Statement from Transportation Alternatives after Person Killed on a Bike in Bronx Bus Crash
There is no protected east-west connection for bike riders in the South Bronx.
15,000 residents in the Bronx commute by bike.
City Council District 17, where the crash occurred, ranks 3rd citywide for serious injuries and traffic fatalities according to Spatial Equity NYC.
THE BRONX, NY — An MTA bus struck and killed a 57-year-old man on a bike at the intersection of 149th Street and Brook Avenue in Mott Haven.

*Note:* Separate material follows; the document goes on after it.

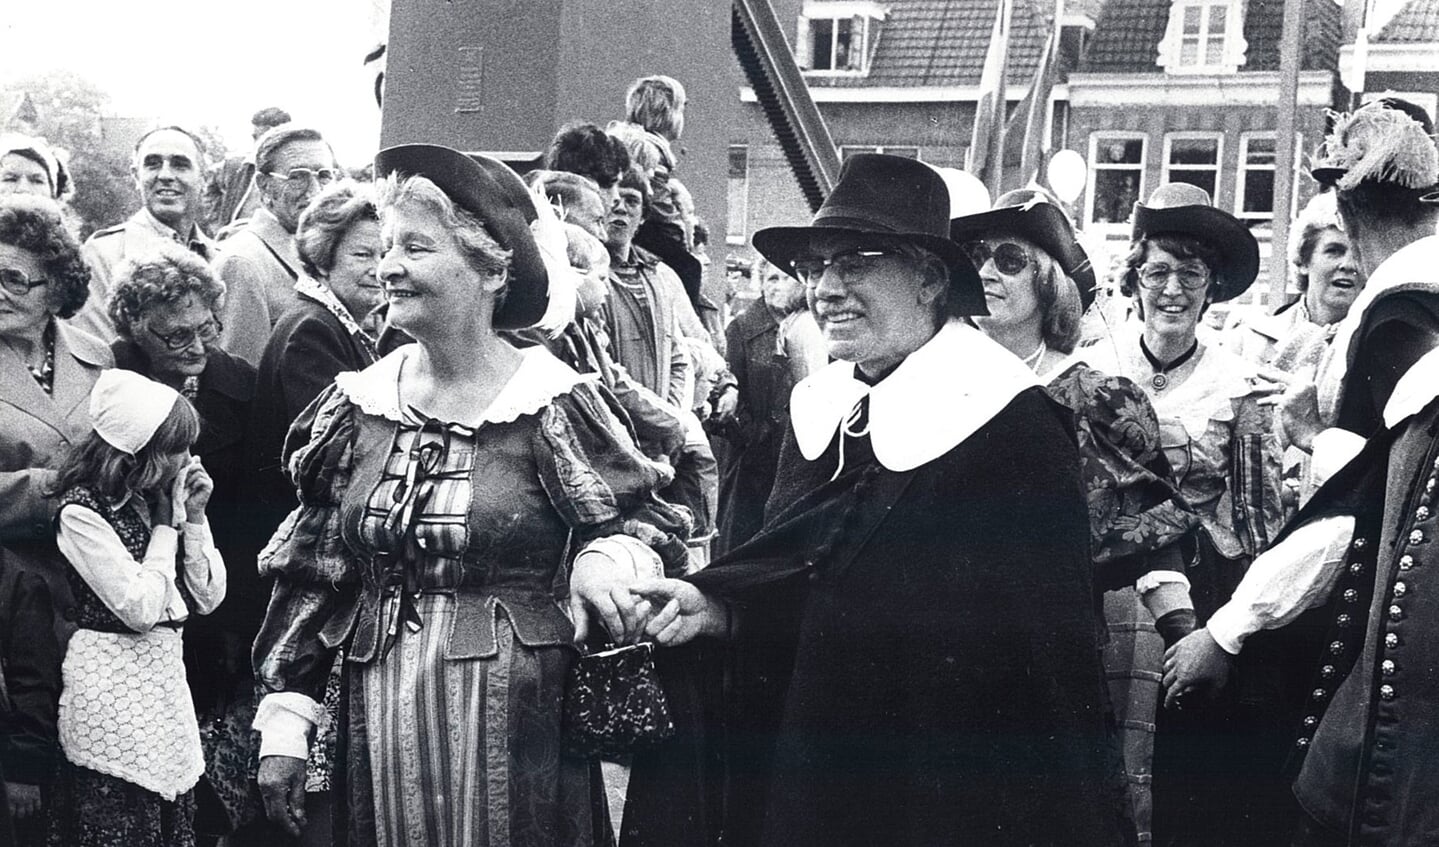 De officiële opening in september 1978 (velen in klederdracht) is tevens het startsein voor het eerste Sluis-en-bruggenfeest

149th Street is a Vision Zero Priority Corridor and truck route, but despite a 2020 redesign, the street is still missing critical safety infrastructure. There’s no bike lane, no daylighting, no raised crosswalks or curb extensions. On average, one New Yorker has been seriously injured on 149th Street every month for the past three years. Just a block away, 26-year-old Jose Angel Victoriano was killed while riding a bike in 2022.
There is no protected east-west connection for bike riders in the South Bronx. There’s a paint-only bike lane half a mile south or sharrows a mile north – neither of which provide true protection to bike riders.

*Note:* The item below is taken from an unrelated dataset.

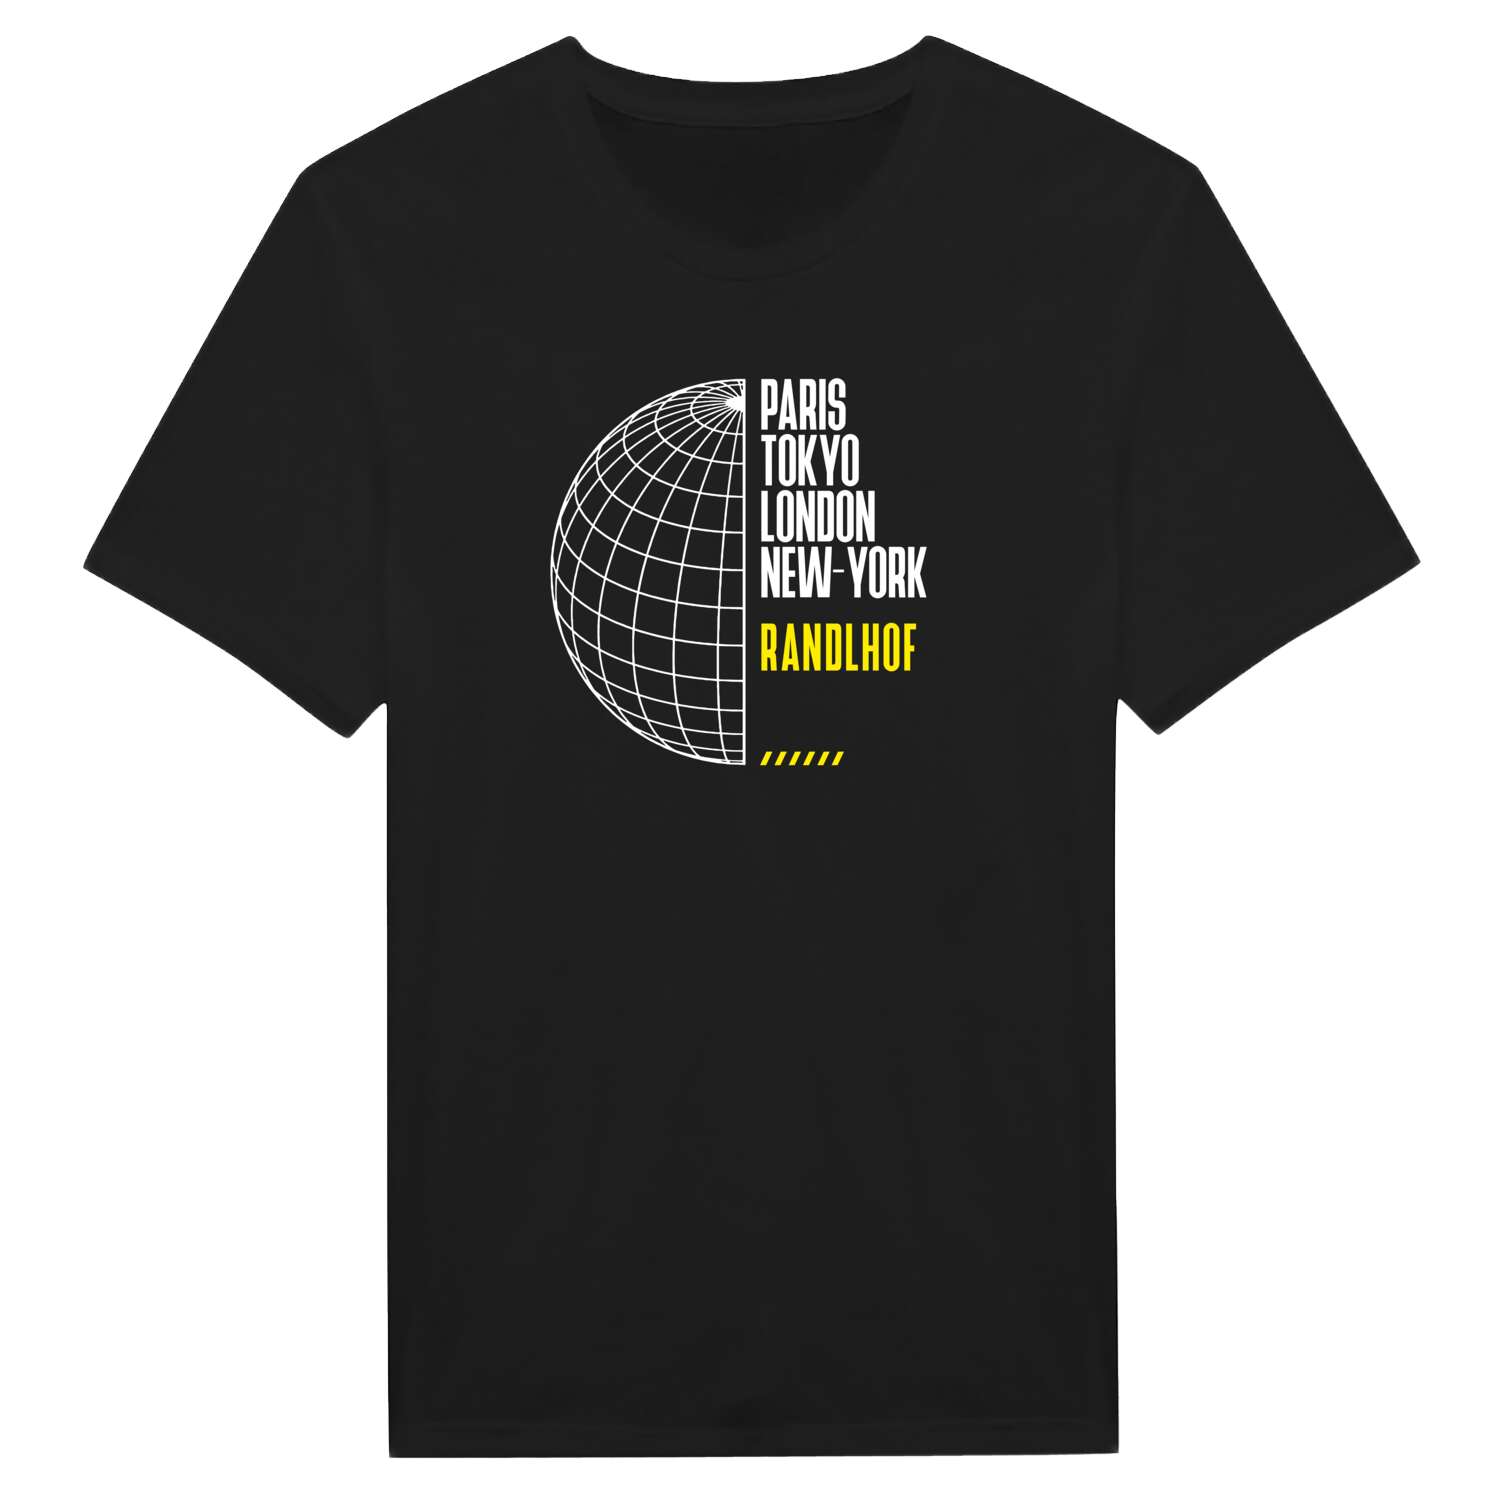 Randlhof T-Shirt »Paris Tokyo London«

Statement from Transportation Alternatives Executive Director Ben Furnas:
"We are devastated to learn that a bike rider was killed in the Bronx. Our thoughts are with their family, friends, and entire community.”
“New York can do so much more to protect people on bikes and support bus drivers. Bus drivers in the five boroughs face impossible conditions, and they need protected bus lanes, boarding islands, and re-timed lights. Bike riders have no safe way to travel in the South Bronx, where they’ve been abandoned without a safe east-west connection. A high-quality network of protected bike lanes make streets safer for everyone – helping bus drivers safely do their jobs while protecting pedestrians and people on bikes. Designing streets without infrastructure for bikes forces giant buses with limited visibility to share space with vulnerable people on bikes – it’s a dangerous, and too often, deadly, combination.”

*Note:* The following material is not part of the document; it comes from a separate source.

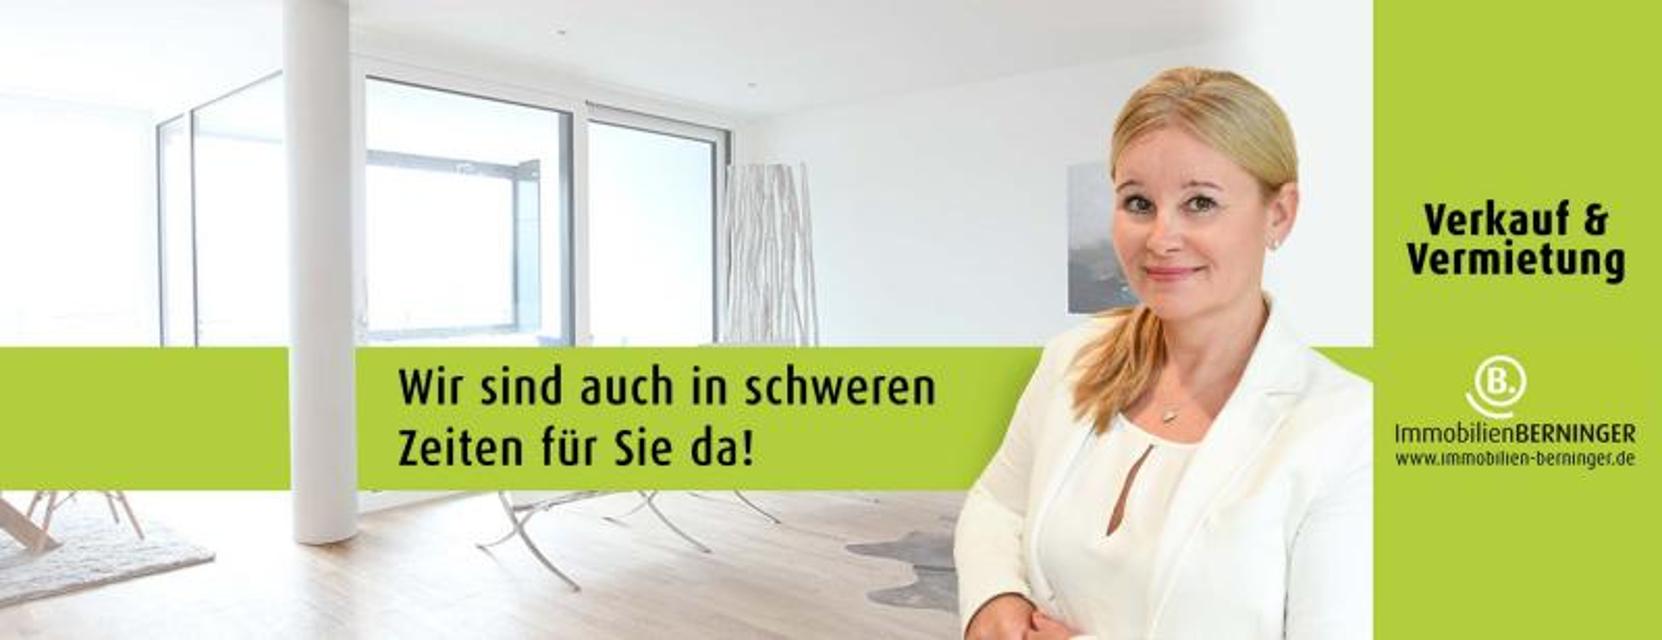 ImmobilienBERNINGER ist ein Qualitätsmakler mit Spezialisierung auf den Verkauf und die Vermietung von Wohnimmobilien und Anlageobjekten in Darmstadt und Umgebung.  Hier erhalten Sie einen und persönlichen Service.  ImmobilienBERNINGER steht auch ...

“The Adams Administration is failing to build out a high-quality network of protected bike lanes, as required by law under the streets master plan. Missing these deadlines isn’t just inconvenient and illegal – it’s deadly.”
Statement from Kevin Daloia, a longtime Bronx Activist:
“There’s a ghost bike on 149th and Saint Ann’s, 149th and Brook, Brook and 141st, and it looks like there’s another one needed at Brook and 149th. I've personally installed a dozen ghost bikes with a mile of this spot alone. This is a crisis – and the Bronx deserves better from its leaders.”